It’s a fitting pair for Brauns’s response to Ryan Adams’s “Sylvia Plath,” from Gold, for which she only uses a finger-picked acoustic guitar. I often get frustrated with singer/songwriters because they only give me a voice and a guitar, and so often that’s not halfway enough, but Brauns doesn’t need anything else, that’s clear. Her “Sylvia Plath” is a gleaming diamond of a song. Adams is desperate for a gal who’d “slip me a pill/Then she’d get pretty loaded on gin”; “I’ll take you to France,” Brauns purrs, “We’ll get fucked up on gin/And we’ll dance, and we’ll dance.”
How you’d turn down that promise, I’m not sure.
When Brauns features a full band, the results are nearly as good, but for a couple of cello- and violin-heavy tracks late in the album that feel like filler.

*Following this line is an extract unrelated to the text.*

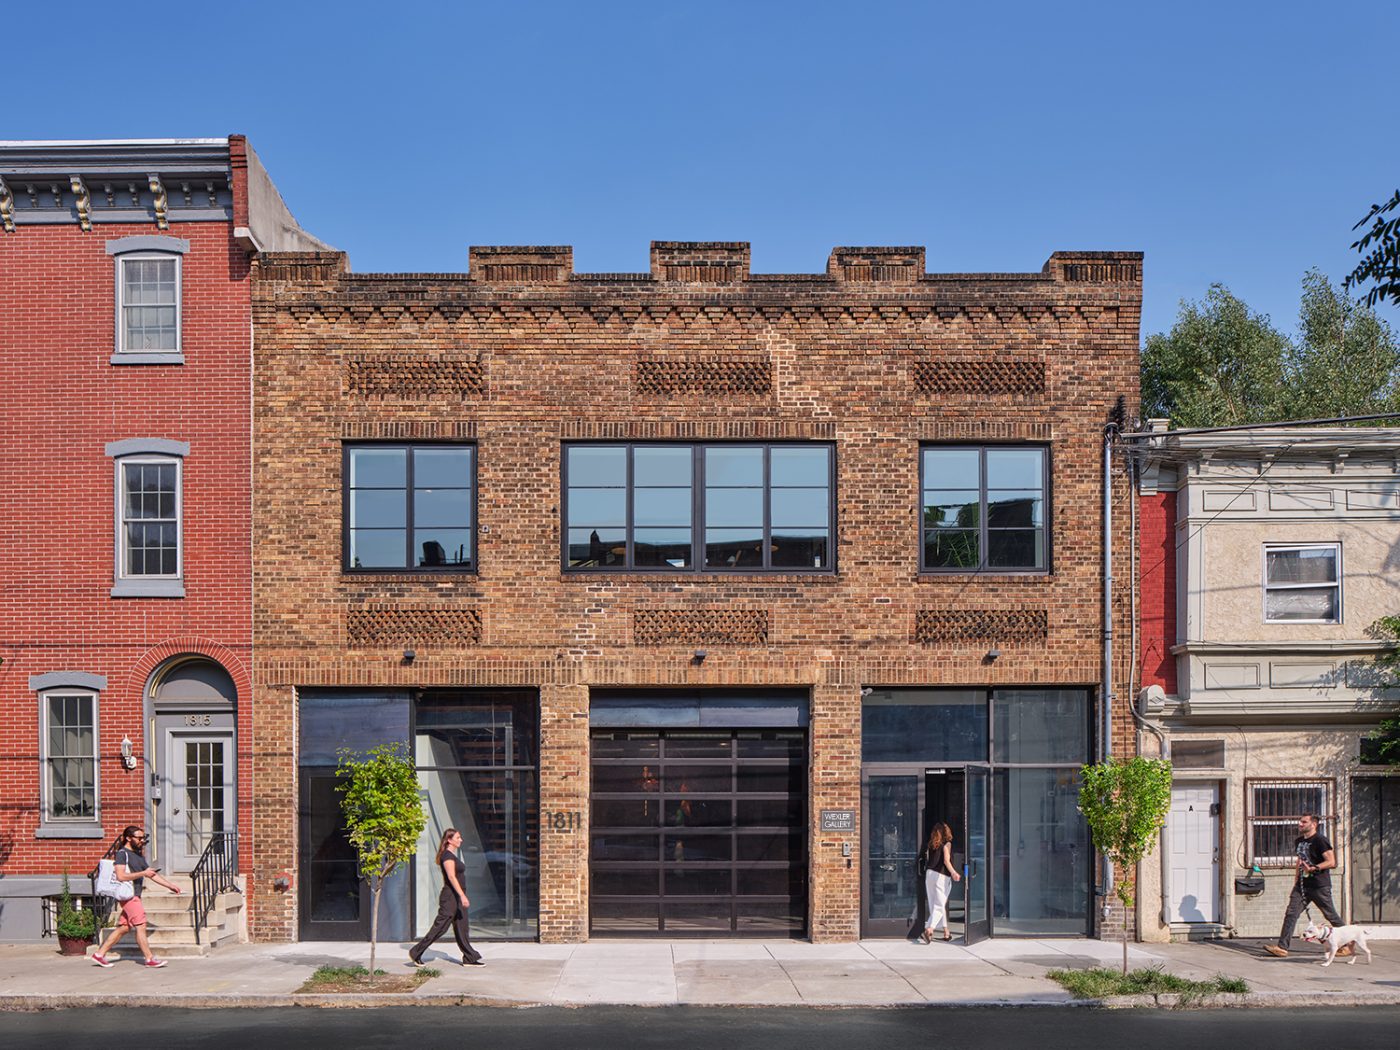 The tan-brick facade of Wexler Gallery's new home on Frankford Avenue in Philadelphia

Her disc-opener, “Outside,” brings off a soubrette quaver wonderfully, breathtakingly melancholy. At on point, she’s “waiting for the power lines to fall,” and with that last syllable she perfectly apes the British accent Peter Gabriel retains on his So record, along with the doubled and affected vocals. For the dark shuffle that is the abortion narrative of “Roisin Dubh,” the many-layered vocals on the eponymous chorus are evil sirens.
Brauns, like Katrina Abramo earlier this year, leads with her vocals and follows with superior songwriting and guest performances. Where Abramo leans toward the indie rock, however, Brauns is more earthy, imbued with the greenery of Celtic influences and the warmth of acoustic instruments.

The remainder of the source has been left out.